Dominguez also thanked the leaders from the Visayas business community for their active participation in this year’s Sulong Pilipinas sessions.
“Since its launch in 2016, Sulong has played a crucial role in bringing our key stakeholders together in collaborative and participatory workshops in support of game-changing reforms,” he said.
Dominguez said the government’s economic recovery strategy remains anchored on the “Build, Build, Build” program, as it not only “creates jobs, fires up consumption, and spurs productive activity” but will “also help to rapidly decentralize the economy and cure the present vulnerability where the concentration of business activity is also the concentration of infections.”
He said that even before the pandemic, Visayas has already become a major growth center and key contributor to the economy as a result of massive investments in infrastructure, which include the Mactan-Cebu International Airport that is now fully operational after its inauguration in 2017; and the Bohol-Panglao International Airport that was inaugurated in 2018 and is the country’s first eco airport.
Other big-ticket projects in the Visayas are the Bacolod-Negros Occidental Economic Highway, which is expected to be completed in 2024; and the Cebu-Mactan Fourth Bridge, which includes a 4.9-kilometer four-lane Coastal Road construction project.
“These developments underscore the commitment of the Duterte administration to move ahead with our Build, Build, Build program even amidst the global health and economic crisis brought about by the contagion.
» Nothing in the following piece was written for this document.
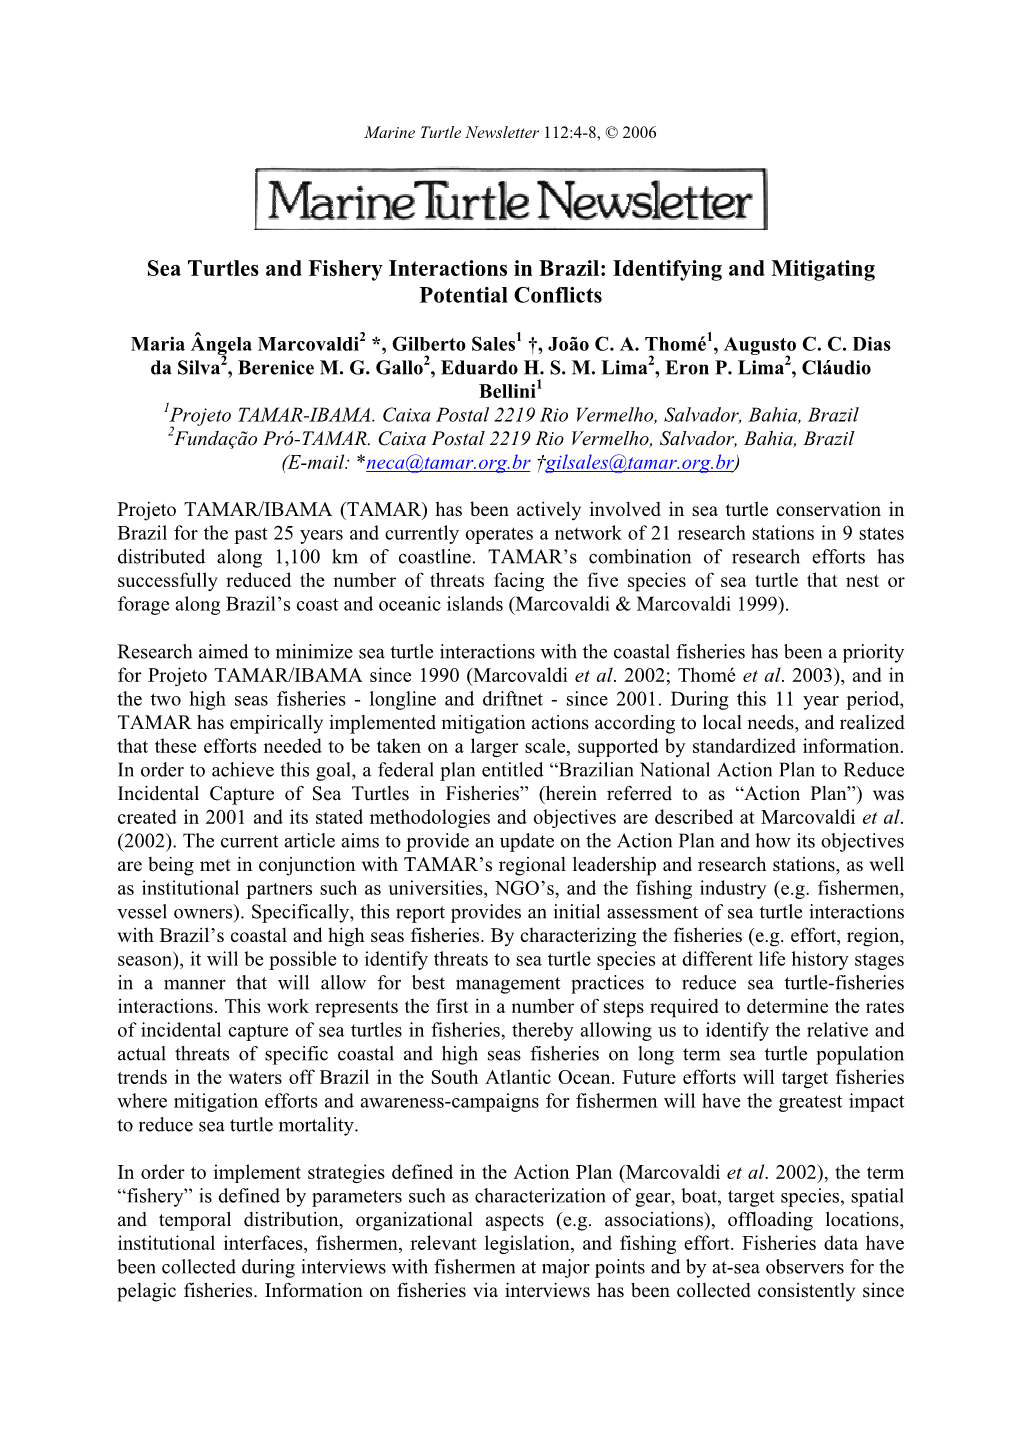 Sea Turtles and Fishery Interactions in Brazil: Identifying and Mitigating Potential Conflicts

These investments will primarily fuel our plan to quickly and smoothly get back to our growth trajectory upon the defeat of COVID-19,” Dominguez said.
Before the close of the Sulong Pilipinas-Visayas sessions, Dominguez, on behalf of President Duterte, accepted the private sector’s top actionable recommendations on how the country can best recover from the pandemic-induced crisis.
“These suggestions will be the building blocks of our sustained recovery efforts,” Dominguez said.